Elsewhere, the architect of much of Downing Street’s Uber lobbying campaign, Daniel Kowski, was made a CBE in Cameron’s controversial resignation honours.
So why did Cameron and Osborne grant such extraordinary favours to the taxi firm?
Well, one way they may seek to justify them would be to argue that like any growing, entrepreneurial business, it helps to oil the wheels of the British economy.
That would be a fair point, were it not for the fact that, like so many rapacious internet firms, Uber pays almost no tax in the UK.
Instead, its finances are organised via a legal but morally wonky device known as a ‘double Dutch’ structure. This sees all revenues from fares paid by British customers routed to a firm in Holland called Uber BV.
Around 70 per cent is forwarded to individual Uber drivers.
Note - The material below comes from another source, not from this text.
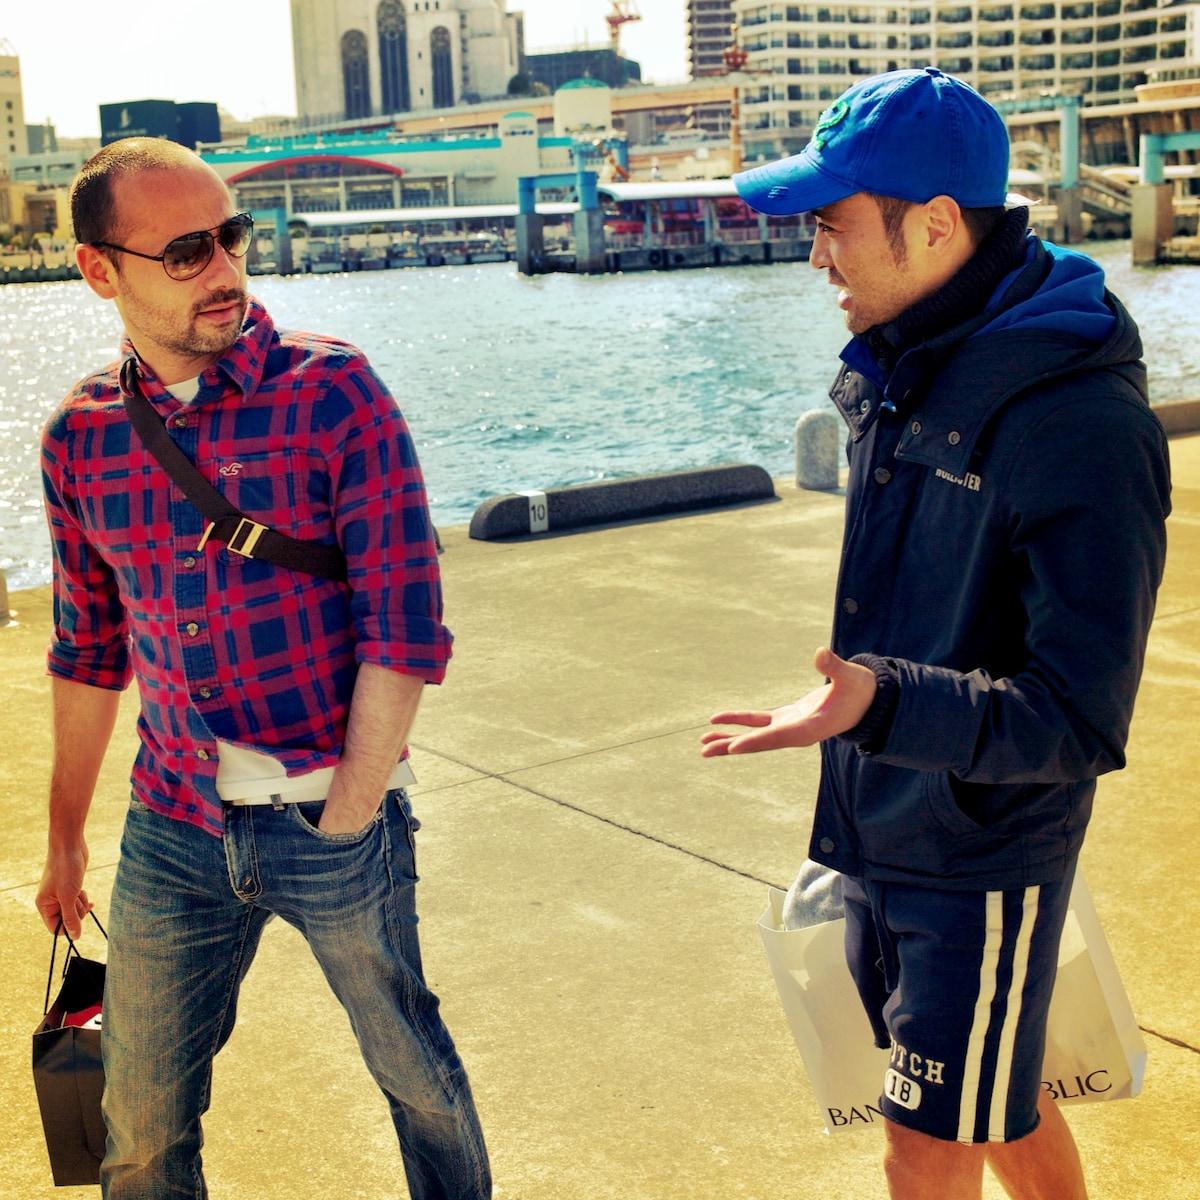 Ken & Nico from Minato

Almost all the remainder, totalling billions of pounds, ends up in the coffers of a related entity called Uber International CV, which has no employees and lists its HQ as the offices of a law firm in Bermuda.

The net result of this complex structure is Uber pays an effective tax rate of around 1 per cent on income from UK passengers. Its only official corporate presence in the UK revolves around two companies, Uber London and Uber Britannia. Based in swanky offices in Aldwych, central London, they employ around 100 people, and in the last year for which records are available paid a mere £400,000 in corporation tax.
So it goes that during an era of supposed austerity, Cameron and Osborne were advancing the agenda of a firm which goes out of its way to avoid paying its fair share to support the roads its business model depends upon.
At this point, some might also argue that Uber’s tens of thousands of self-employed drivers are contributing to the treasury via income tax.
But that’s by no means entirely true, either. Indeed, critics have argued that most earn such a paltry sum, they are reliant on tax credits and other benefits.
At present, all are classified as self-employed. Depressingly, this made them targets of the failed tax grab in Chancellor Philip Hammond’s recent Budget which, while targeting modestly paid self-employed people, did nothing to curtail tax-dodging by rapacious multinationals.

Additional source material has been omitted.